- **Data shown**
* * * * * * * * *

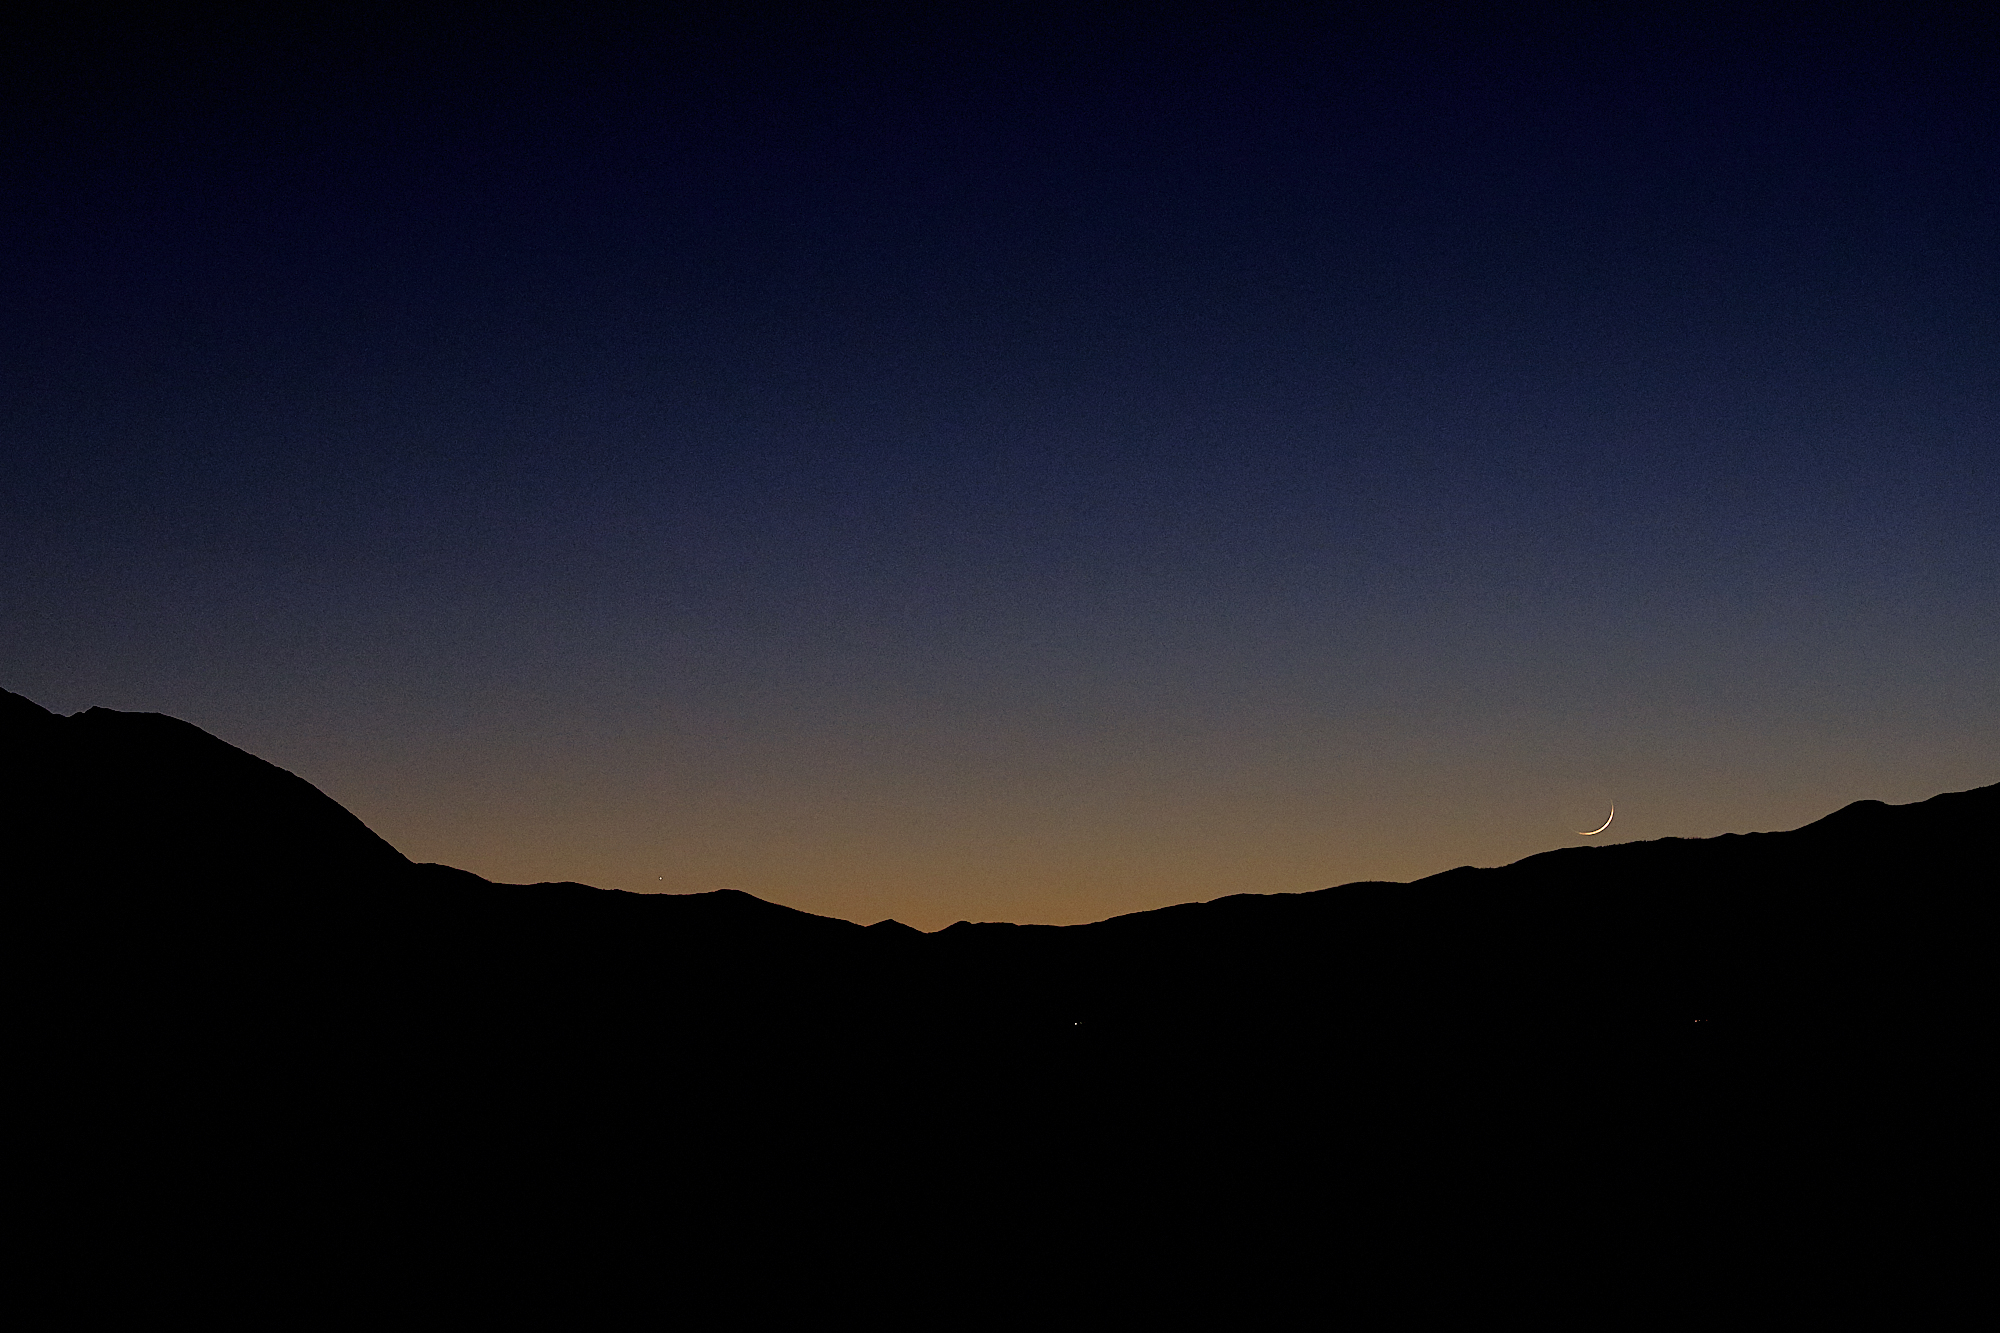  One of the faintest slivers of moon I have ever seen just moments away from dipping below the horizon. | Mt. Charelston, NV 11/8/18 
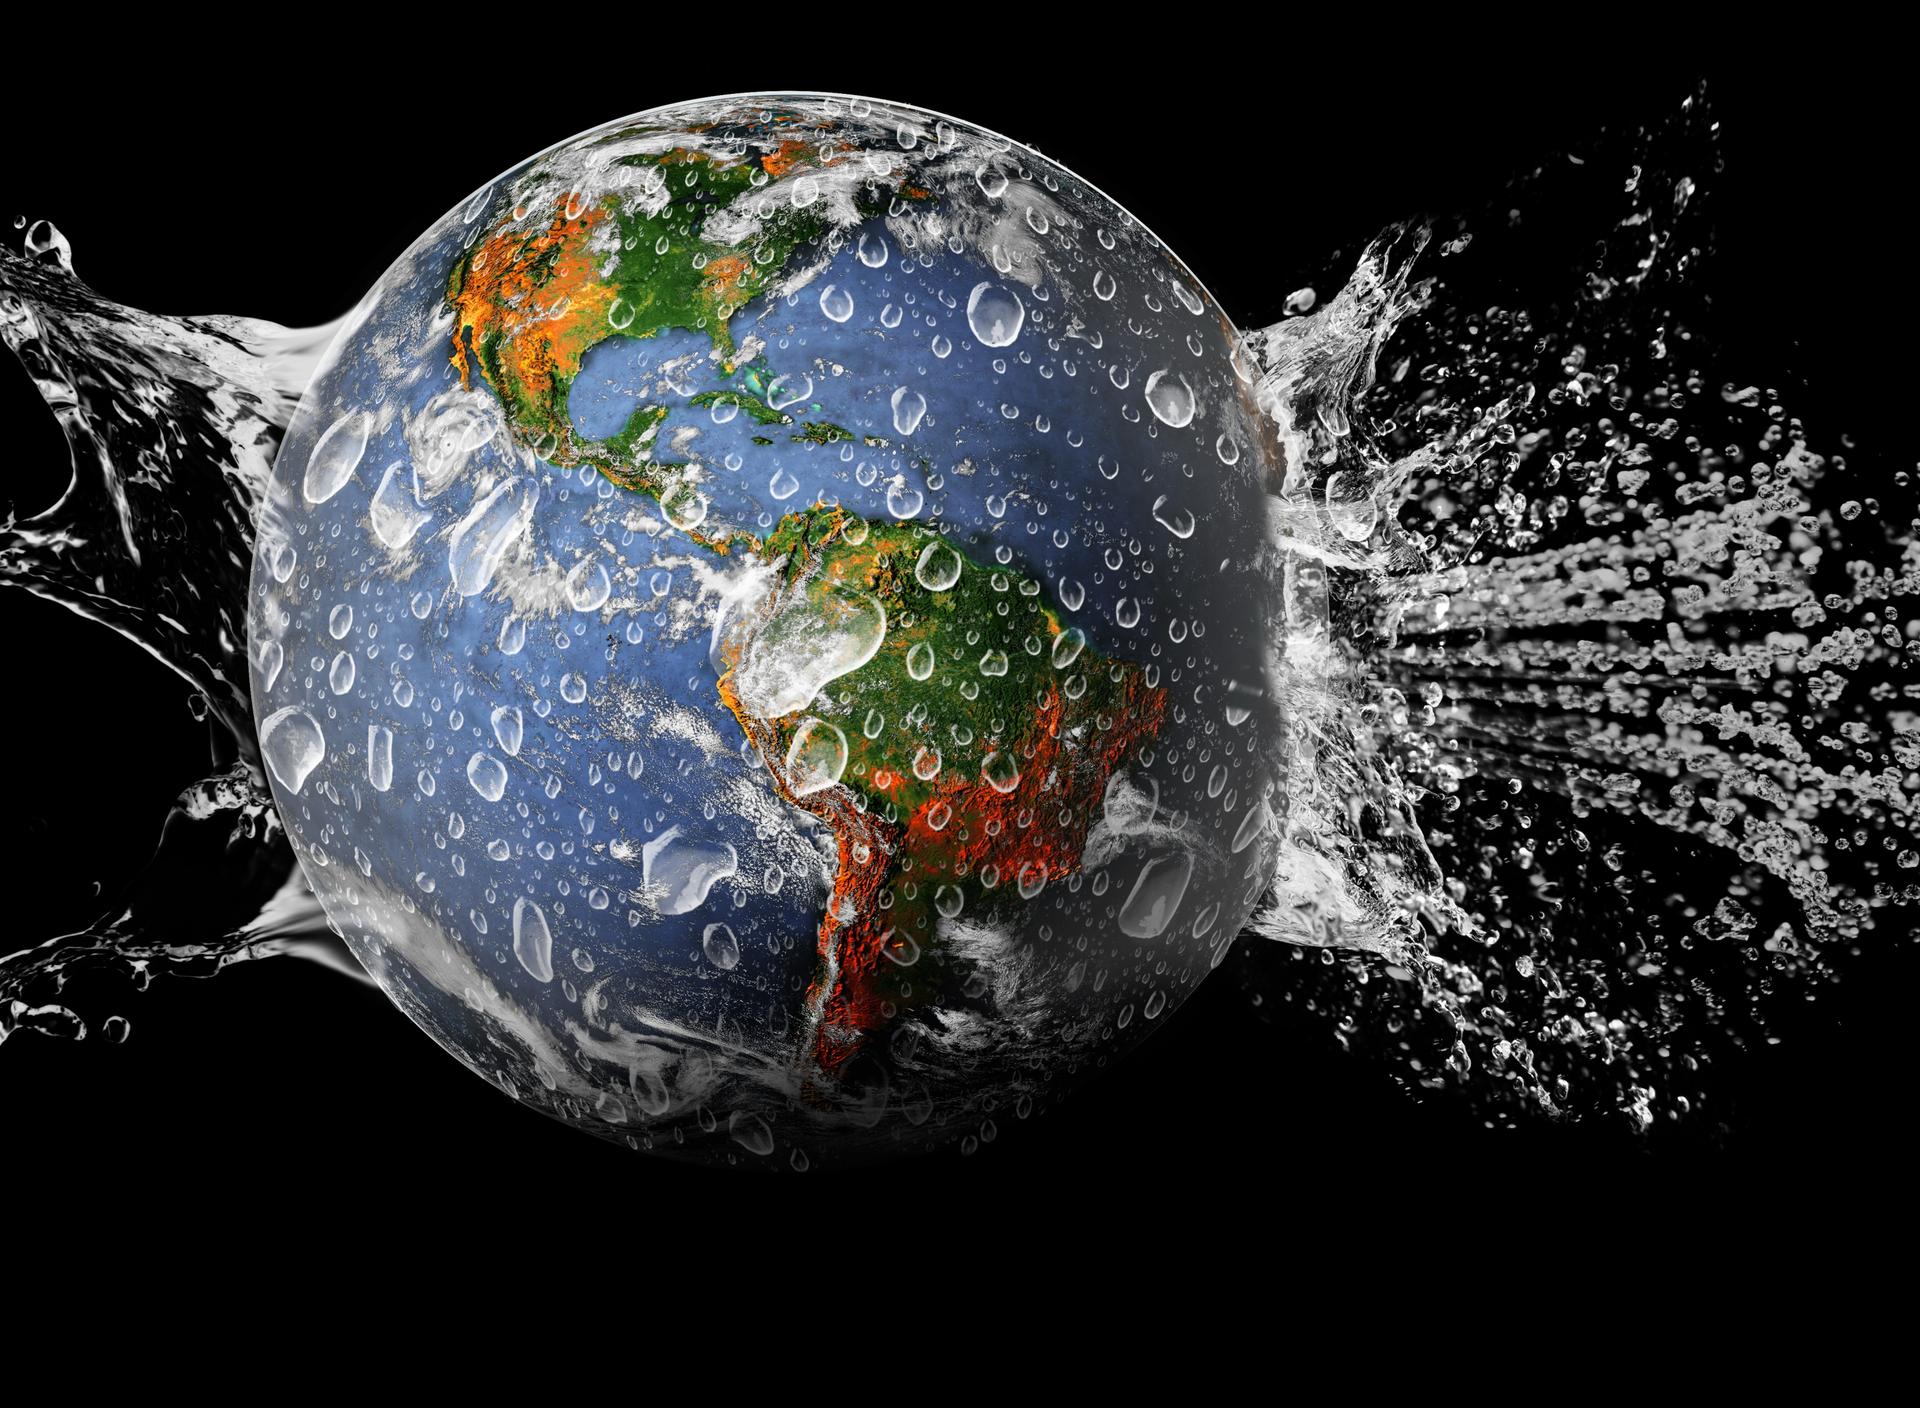 The Earth Globe in the water on the black background
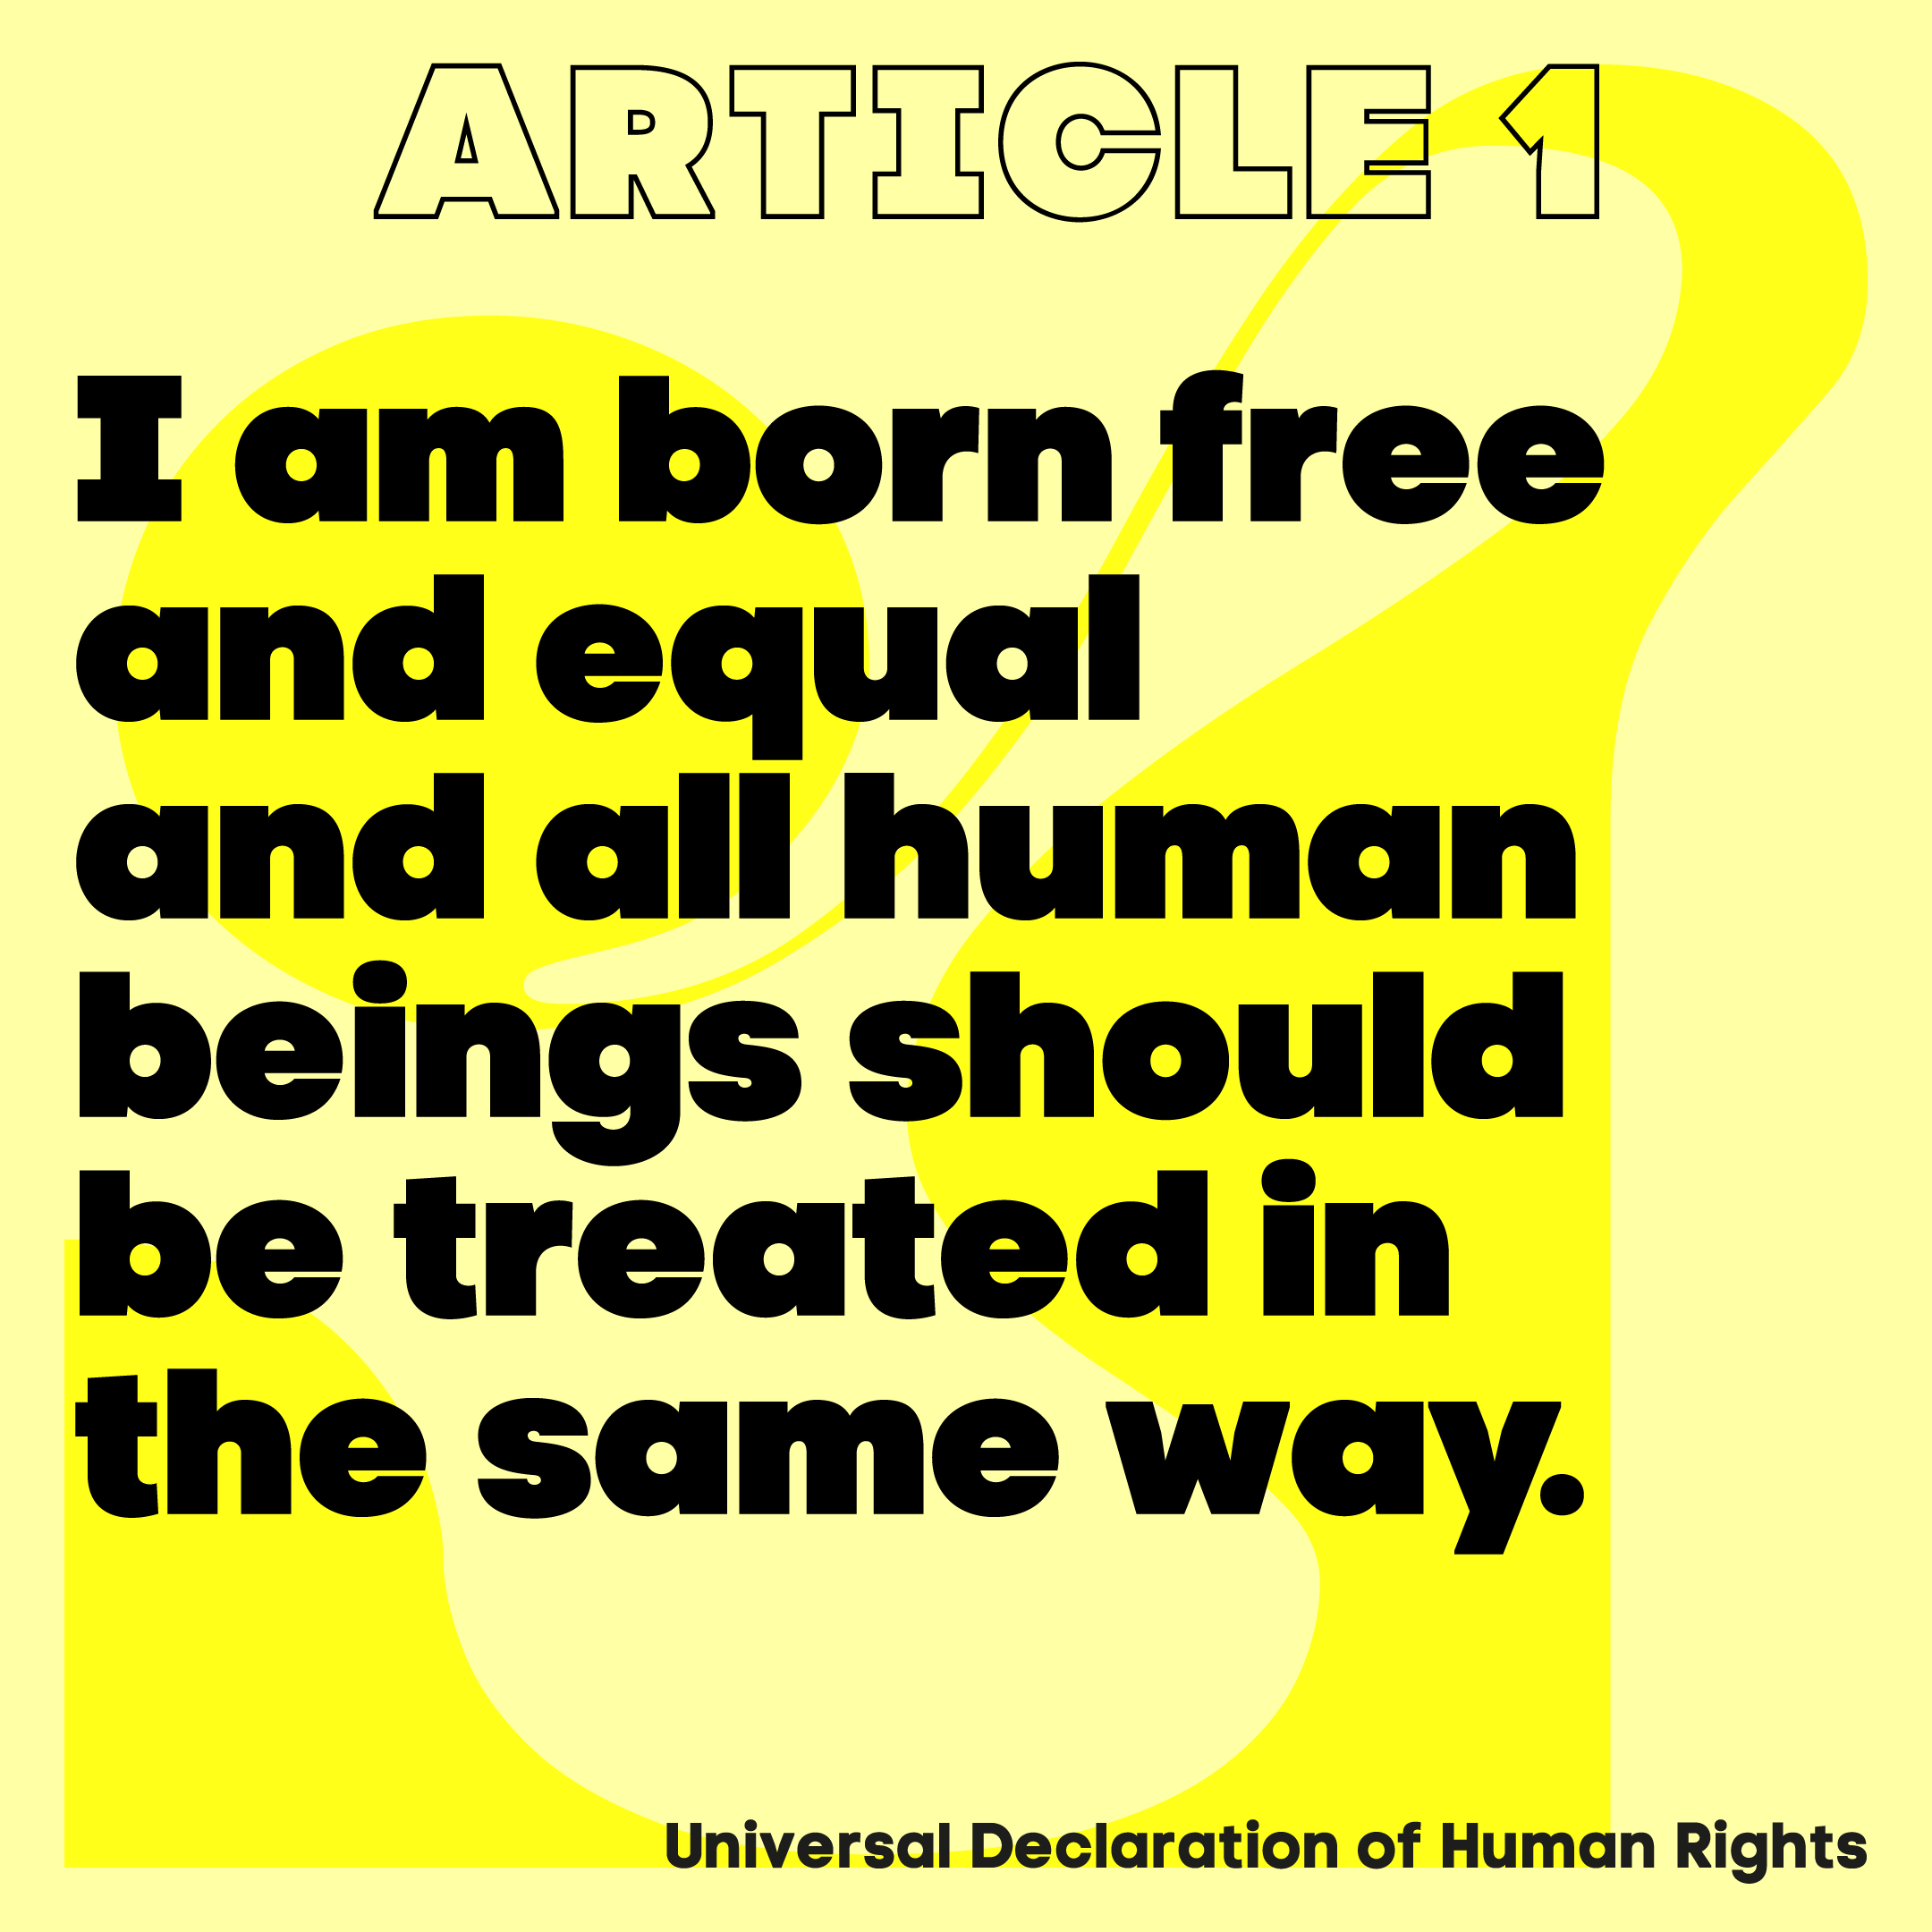 Article 1 I am born free and equal and all human beings should be treated in the same way.

* * * * * * * * *

- **What to do**
Please output each line above exactly and omit all images.

- **Solved exercise**
  One of the faintest slivers of moon I have ever seen just moments away from dipping below the horizon. | Mt. Charelston, NV 11/8/18 
 The Earth Globe in the water on the black background
 Article 1 I am born free and equal and all human beings should be treated in the same way.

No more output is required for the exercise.